A. Abdi1, F.R. Kloosterman1, C.L. Eckhardt1, C. Male2, G. Castaman3, K. Fischer4, E.A.M. Beckers5, M.J.H.A. Kruip6, K. Peerlinck7, M.E. Mancuso8, C. Santoro9, C.R. Hay10, H. Platokouki11, J.G. van der Bom12, S.C. Gouw1, D.P. Hart13, K. Fijnvandraat1, INSIGHT study group

1Amsterdam UMC, University of Amsterdam, Department of Pediatric Hematology, Immunology and Infectious Diseases, Emma Children’s Hospital, Amsterdam, the Netherlands; 2Medical University of Vienna, Department of Pediatrics, Vienna, Austria; 3Careggi University Hospital, Center for Bleeding Disorders, Department of Oncology, Florence, Italy; 4Van Creveldkliniek, University Medical Center Utrecht, Utrecht, the Netherlands; 5Maastricht University Medical Center, Department of Hematology, Maastricht, the Netherlands; 6Erasmus University Medical Centre, Department of Hematology, Rotterdam, the Netherlands; 7UZ Leuven, Division of Cardiovascular Disorders, Haemophilia Center, Leuven, Belgium; 8Fondazione Arianna IRCCS Ca’ Granda Ospedale Maggiore Policlinico, Angelo Bianchi Bonomi Haemophilia and Thrombosis Center, Milan, Italy; 9Umberto I University Hospital of Rome, Cellular Biotechnology and Haematology Department, Rome, Italy; 10Manchester Royal Infirmary, Manchester University, Department of Hematology, Manchester, United Kingdom; 11Aghia Sophia Children’s Hospital, Haemophilia Centre-Haemostasis Unit, Athens, Greece; 12Leiden University Medical Center, Department of Clinical Epidemiology, Leiden, the Netherlands; 13Royal London Haemophilia Centre, Barts and the London School of Medicine and Dentistry, London, United Kingdom

Introduction

  • Although the majority of patients with hemophilia A have a moderate or mild factor VIII (FVIII) deficiency, there is a lack of detailed information on their treatment history.
  • Data on the treatment history of nonsevere hemophilia A could provide important information about the expected bleeding phenotype in patients with severe hemophilia A that are treated with non-replacement therapies.

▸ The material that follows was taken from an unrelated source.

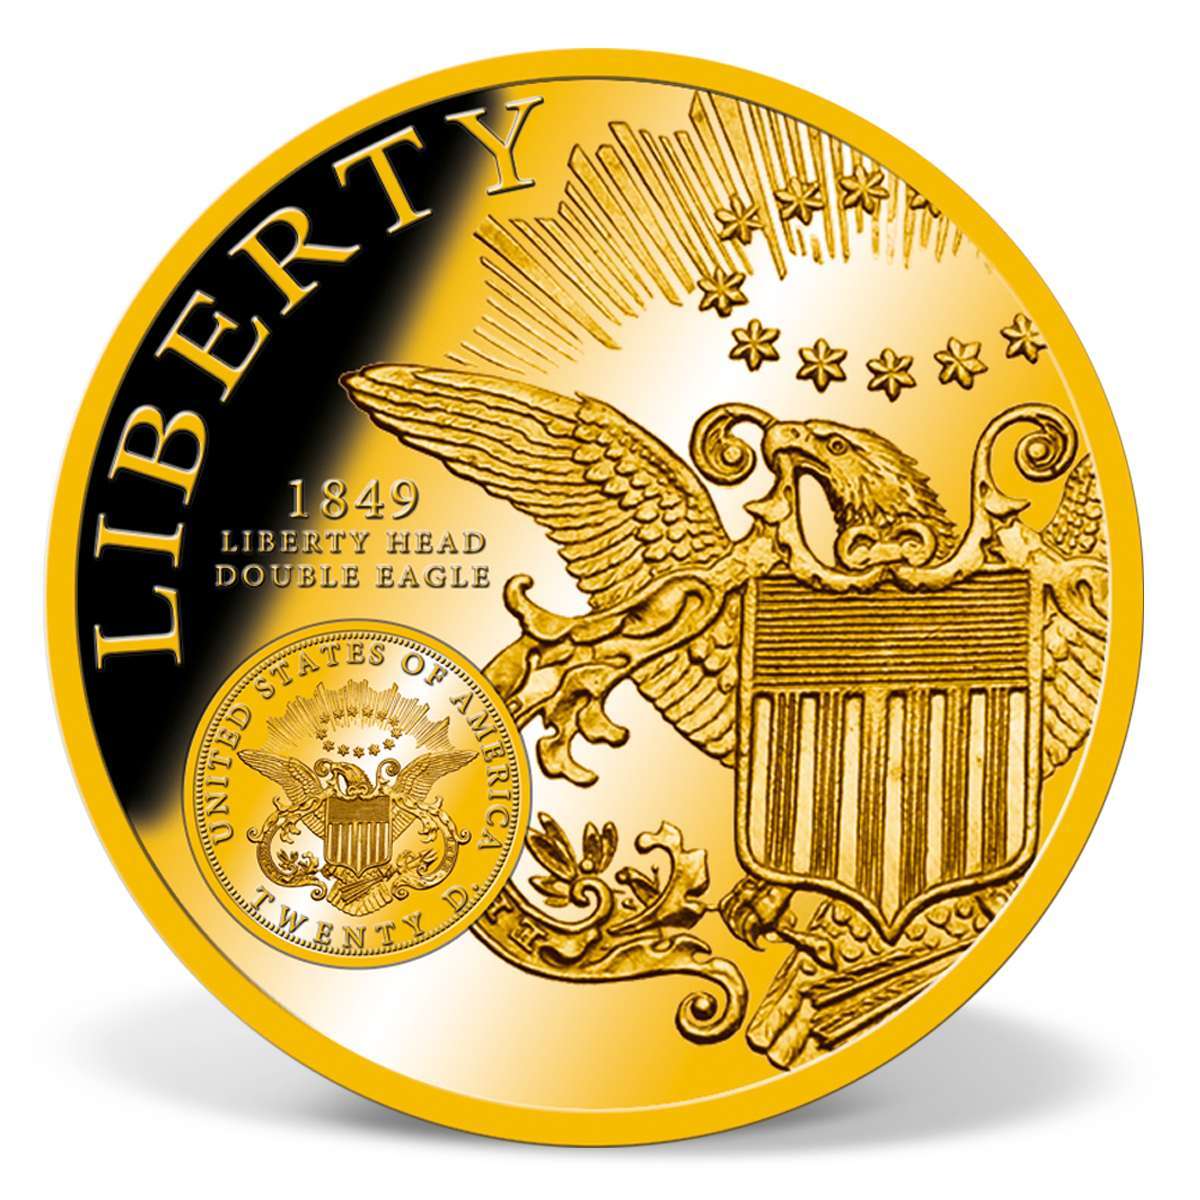 Liberty Double Eagle Gold Commemorative Coin American Mint
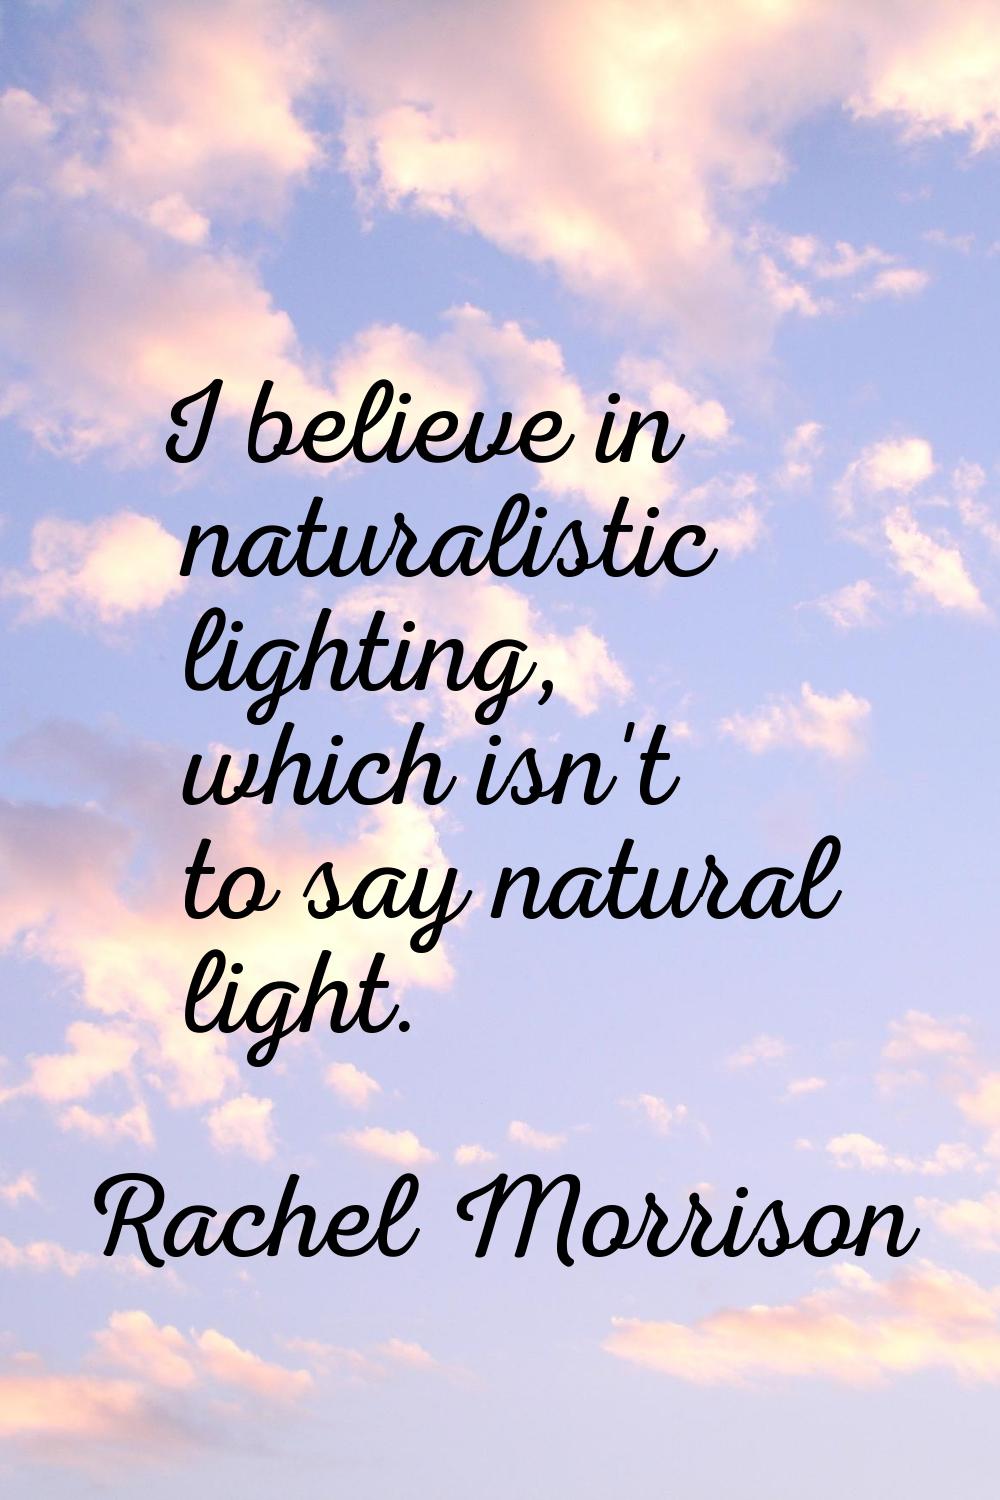 I believe in naturalistic lighting, which isn't to say natural light.

Aim: to assess the timing of inital exposures to FVIII treatment in patients with nonsevere hemophilia A.

Methods

  • We included patients born after 1980 with nonsevere hemophilia A from the INSIGHT cohort – a source population of patients with nonsevere hemophilia A (factor VIII activity 2-40 IU/dL) that received at least one exposure to FVIII concentrate between 1980 and 2011 in one of the 34 participating hemophilia treatment centers.
  • Data on the first exposure to FVIII treatment were available for all patients included in this study.
  • Detailed information on the timing of all FVIII exposure days during study follow-up, was available for a subgroup of patients.
  • The inclusion of patients is presented in Figure 1.

Patient inclusion

Figure 1. Flowchart of patients included in the study.

Timing of initial exposures to FVIII treatment

Cohort

  • Within the total study cohort (n = 1013), there were 356 (35%) patients with moderate hemophilia A and 657 (65%) with mild hemophilia A.
  • The median baseline FVIII level was 8 IU/dL (IQR 4-15). The age at the end of study follow-up was 16 years (IQR 10-23).
  • The median age at the first exposure to FVIII treatment was 2.5 years (IQR 1.2-5.7) for patients with a FVIII level of 2-5 IU/dl, increasing to 9.7 years (IQR 4.8-16.0) for patients with a FVIII level of 25-40 IU/dL. (Figure 2)

Sub-study

  • A total of 2824 FVIII exposure days were recorded in 104 patients in the sub-study.
  • The median baseline FVIII level was 6 IU/dL (IQR 4-11).
  • The median age at the first 20 exposures to FVIII treatment is presented in Figure 3.

Age at first FVIII exposure

Figure 2. Age at first FVIII exposure in the total cohort (n = 1013) stratified for baseline FVIII level.

Age at first 20 FVIII exposures

Figure 3. Age at the first 20 FVIII exposures in the sub-study (n = 104). Dark line is the median, shaded area the IQR.

Conclusion

  • The timing of the first exposure to FVIII treatment in nonsevere hemophilia A ranges from 2.5 to 9.7 years, depending on the baseline FVIII level.
  • Our data may provide insight in the expected effect of non-replacement therapies in patients with severe hemophilia A, suggesting a considerable postponement in the timing of initial FVIII treatment.